Friday, August 17, 2007

The Cause of Variation in a Population

John Dennehy of The Evilutionary Biologist has posted a wonderful article on This Week's Citation Classic. The classics are two back-to-back papers on genetic variation in fruit flies (Hubby and Lewontin (1966), Lewontin and Hubby (1966)). That's Lewontin on the left.

Please get on over to The Evilutionary Biologist and read what John has to say. These were very important and groundbreaking papers when they came out and everyone needs to know why.

Here's some background.

In the olden days there were two competing theories to explain variation (heterozygosity) in a population. The classical theory said that mutations are constantly being removed from the population by positive natural selection or purifying selection. Variation is a transient phenomenon that would disappear entirely if it weren’t for new mutations that arise at a significant rate.

The balance theory maintains that variation in a population is often due to balancing selection. The best known example of balancing selection is the allele for sickle cell disease. In the heterozygous state it confers resistance to malaria but in the homozygous state it is often lethal. Both the sickle cell allele and the wild type allele are maintained in the human population by balancing selection.

Hubby and Lewontin (1966) discovered that there was a huge amount of genetic variation in fruit flies. Their data suggested that 50% of all loci had multiple alleles. This is difficult to reconcile with the balance theory and it was also a big surprise to those who supported the classic theory. It seemed unlikely that at any given point in the evolutionary history of a species that so many genes could be undergoing selection. Further work confirmed that other species contained a huge amount of variation.

The solution to this surprising observation was the recognition that most of the alleles were neutral. The variation is explained by fact that fixation by random genetic drift is much slower than fixation by natural selection. Thus, while the variation is transient in the sense that it is a snapshot of an ongoing process, the process is not selection but drift.

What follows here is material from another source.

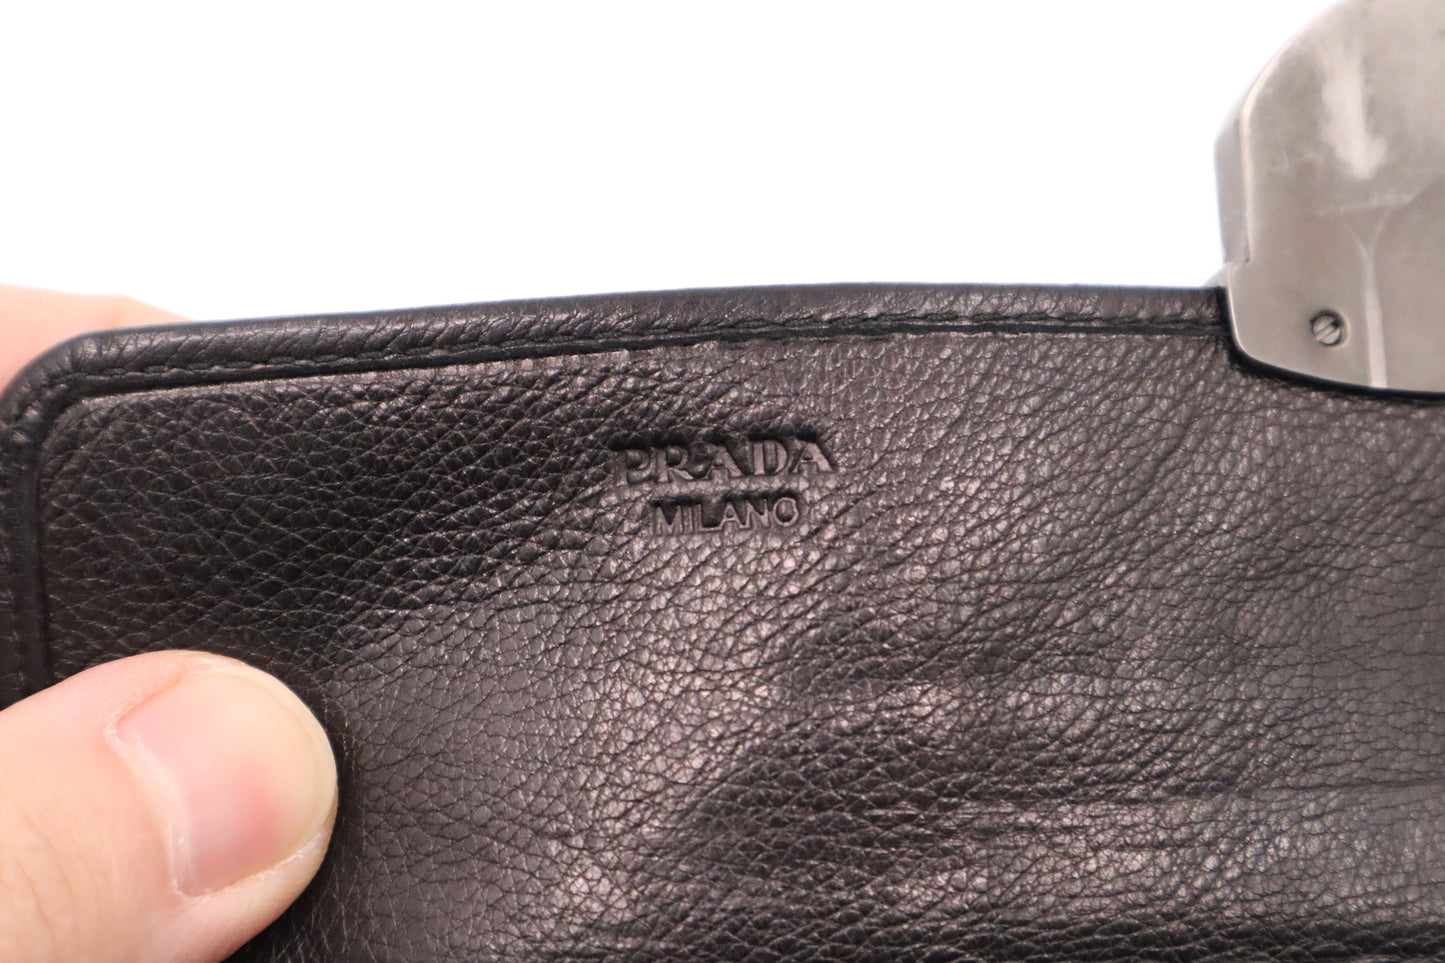 Prada Long Wallet in Black Leather

The results of Hubby and Lewontin (1966) led directly to Neutral Theory.
The neutral theory also asserts that most intraspecific variability at the molecular level (including DNA and protein polymorphisms) is selectively neutral, and is maintained in the species by the balance between mutational input and random extinction. In other words, the neutral theory regards protein and DNA polymorphisms as a transient phase of molecular evolution and rejects the notion that the majority of such polymorphisms are adaptive and actively maintained in the species by some form of balancing selection.
                M. Kimura
This explanation is also known as the Neoclassical Theory. Balancing selection is now thought to play only a minor and insignificant role in the cause of variation in a population.
... the neoclassical theory is not refuted by occasional observations of overdominance for fitness, because the theory does not deny that cases exist but only that they are common and explain a significant proportion of natural variation. So it is no use trotting out that tired old Bucephalus, sickle-cell anemia, as a proof that single-locus heterosis can exist. Anyone who has taught genetics for a number of years is tired of sickle-cell anemia and embarrassed by the fact that it is the only authenticated case of overdominace available. “If balancing selection is so common," the neoclassicists say, "why do you always end up talking about sickle-cell anemia?"
                R. Lewontin

[Photo credit: The photograph of Richard Lewontin is from (Photographs of Participants in the Molecular Evolution Workshop)]


  1. Over at History of recent Science & Technology you will find a video of Lewontin working in the lab back in the 70s. In addition you will find videos with Kimura and Dobzhansky here. All clips are from BBC's "Life Game" that was aired in 1973.

  2. I posted the link to the Lewontin clip in my previous comment to give you an impression of the 70s electrophoresis equipment. If I had watched it before I could have written in my first comment that the clip is indeed on topic.
    Here's what Lewontin says in the video:
    "For a long time, we didn't know how to determine how much genetical variation there was between individuals, even though we could see surface differences between them. But now these new methods of molecular biology, like gel electrophoresis, make it possible to determine, gene by gene, the differences and similarities between individuals in the same population. And when we apply these methods, we find huge variations from individual to individual, not only in Drosophila but in man as well. . . . In this way, molecular biology has solved a longstanding problem of evolution, which is, how much genetical variation is there from individual to individual that makes evolution possible."

  3. Thanks, sparc. That's very much on topic.

  4. Great background, Larry! I didn't really cover the relevance to the Classic/Balance controversy.

  5. When I used to teach the molecular half of the sophomore genetics course at Union College, my senior colleague who taught the classical and population material was a guy who had gotten his Ph.D. in Lewontin's lab at the University of Chicago. We had a lab exercise in the course using one of the classic old Lewontin and Hubby enzyme electrophoresis protocols. Those papers are one of the great moments in the history of genetics, for sure.